City goalkeeping coach Jim Hollman will make a wholly unscheduled outing for Norwich City reserves tonight after boss Glenn Roeder confirmed this lunchtime that David Marshall's No2 Matthew Gilks faces up to 11 weeks on the sidelines after sustaining an ankle ligament injury in training.
Gilks turned over on his ankle last Thursday and subsequent scans have revealed an injury similar to that sustained by Marshall himself in that FA Cup away trip to Chelsea.
Roeder put Gilks' recovery time at between “ten to 11 weeks” – a wretched injury blow for all concerned given that the new Canary boss is already all but resigned to not seeing Adam Drury again for months on end after his knee injury.
While Drury's absence can be covered by either Simon Lappin or a fresh loan face, Gilks' absence is far more of a problem as Roeder begins to plan for a hectic schedule of games.
In theory, he could just issue a swift recall for England Under-21 keeper Joe Lewis – currently out on loan at Morecombe.
In practice, however, he has discovered that the previous regime agreed to a window-to-window loan deal for the six-foot five-inch prospect and Lewis is not eligible to return to Norfolk until January 1.
All of which leaves Roeder with just Steven Arnold as a back-up keeper to Marshall.
And in his need to wrap the Academy youngster up in cotton wool, so he has little alternative but to hand Hollman the gloves for tonight's game against Northampton Town Reserves at Carrow Road.
One option was to hand England Under-16 keeper Jed Steer his reserve team debut.

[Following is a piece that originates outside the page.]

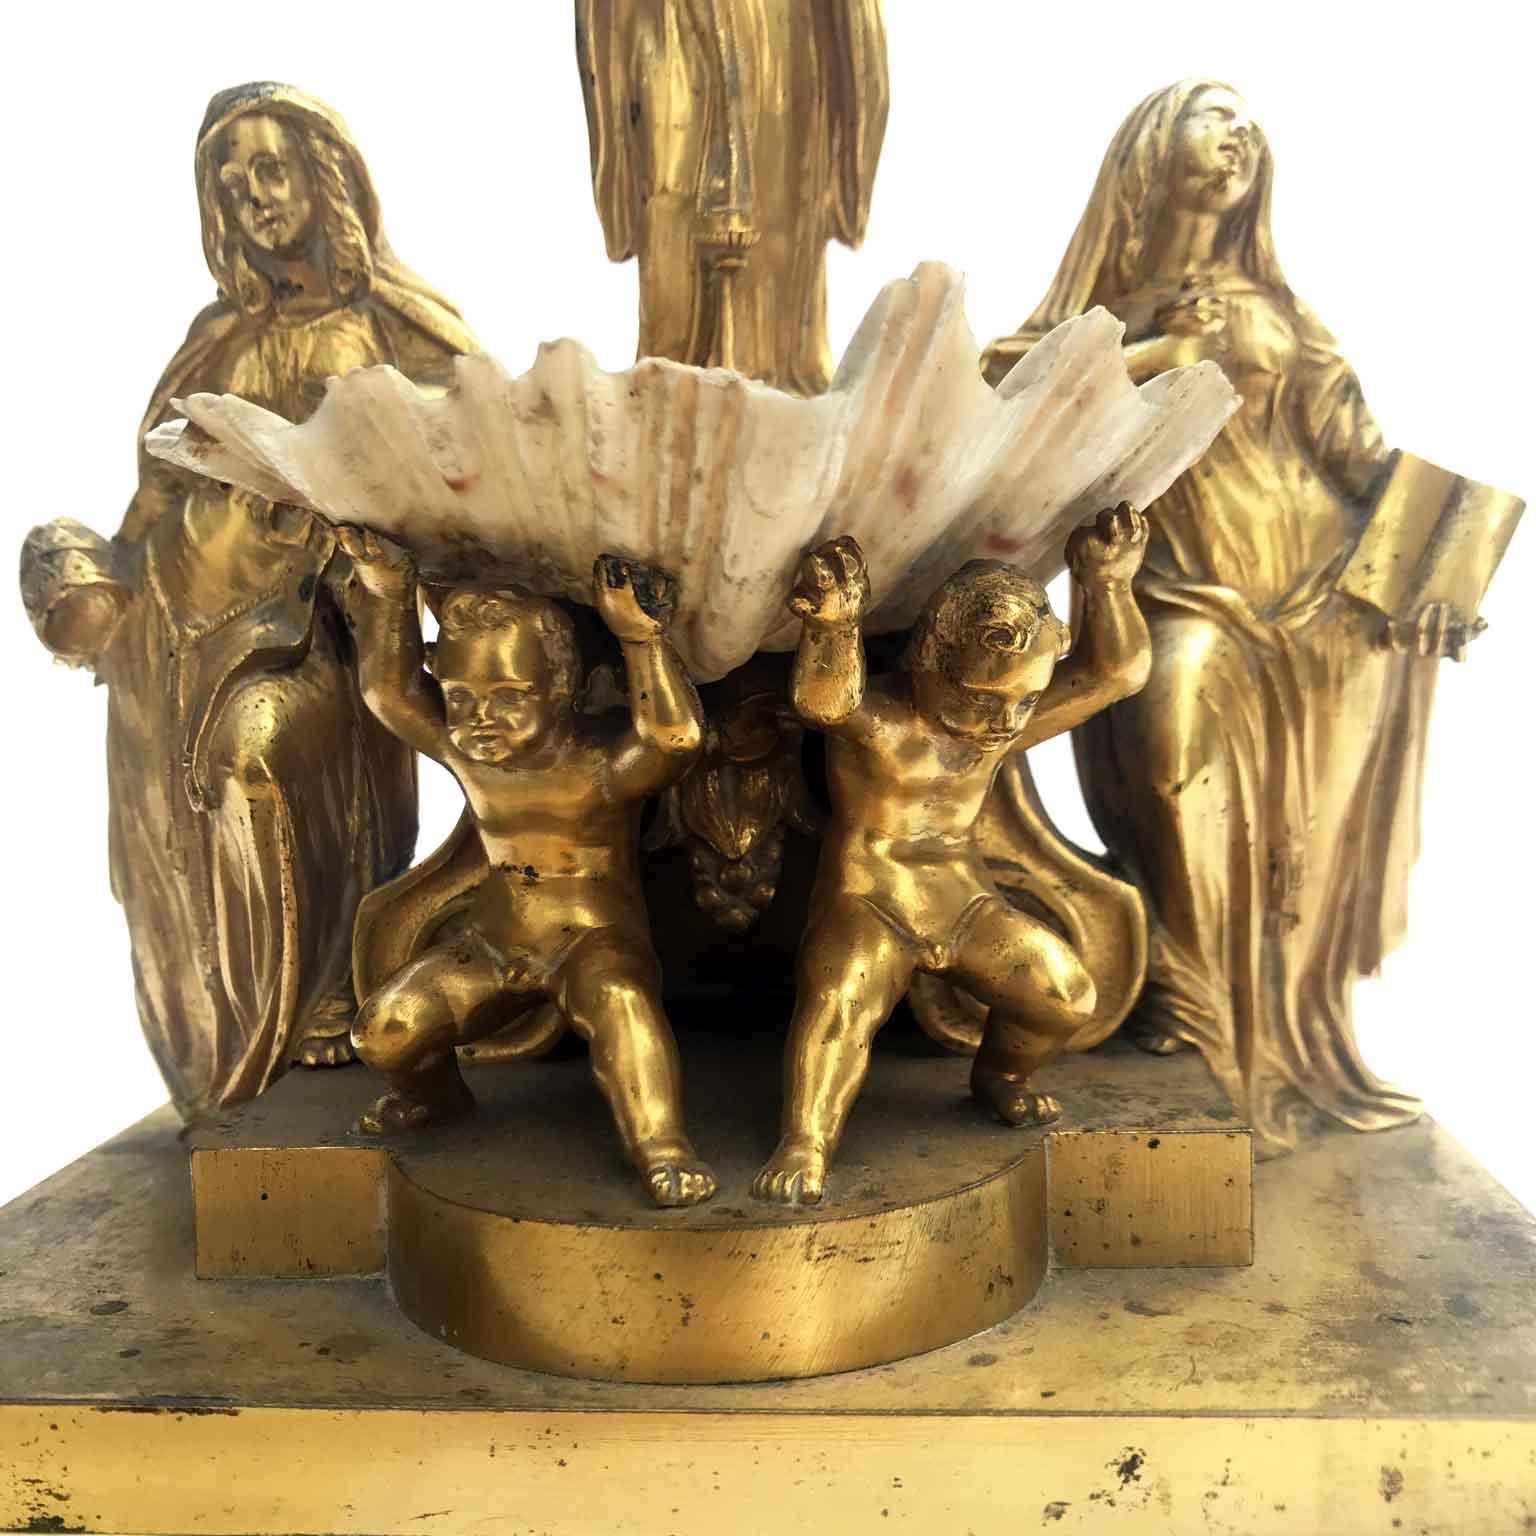 Italienische vergoldete Heilige Wasserkanne des 19. Jahrhunderts mit Putten, Engeln und Muscheln (Europäisch)

The rising prospect made his Academy Under-18 debut at Colney this weekend in the 3-2 home defeat by Portsmouth Under-18s and, indeed, walked away with the man of the match honours.
Schoolboy Steer was in Martin's thoughts after losing fellow England Youth international Declan Rudd to medial knee ligament damage until at least January; tonight's reserve game was, however, deemed a leap too far for the youngster of whom much is already expected.
As for what Roeder plans to do keeper-wise between now and January 1, the new City boss either has to place his faith in young Arnold – or else return to the transfer market for a short-term deal to cover for Lewis' absence.
While he would be unwilling to lose another of his five, prized loan slots to a substitute keeper, one way forward might be to pick up a cover No1 on a free agent basis.
Either way it is one headache that Roeder could well have done without ahead of such a crucial spell of games.
In the meantime, the club this morning announced that it would mark the passing of Canary legend Graham Paddon with a minute's round of applause before this weekend's clash with Coventry City – for whom Paddon also played.
The 57-year-old midfielder, who died suddenly at his Norfolk home, will always be remembered for his stunning hat-trick in the 3-0 League Cup quarter-final against Arsenal at Highbury in 1972 as Ron Saunders' promotion-winning side arguably hit the peak of their playing powers.
Midfield partner and former City No2 Doug Livermore was among those who paid tribute to Paddon today.
“Graham was an excellent player,” Livermore told the club's official website.
“He was a major influence in the promotion side of 1971-72 under Ron Saunders and we always kept in touch since we met as players at Norwich 36 years ago.
“He was a great man and a good friend and will be sorely missed by all thos ewho knew him.”
Ex-Canary manager Dave Stringer added: “He was a terrific player for Norwich City and was a member of the eam that won promotion to the First Division for the first time.
“He was very much an integral part of that team and his contribution to us going up can't be underestimated.”
Paddon played 340 games for the Norfolk club in two spells, scoring 37 goals. He leaves a partner, Sandra, and three children Guy, Jenny and Heather.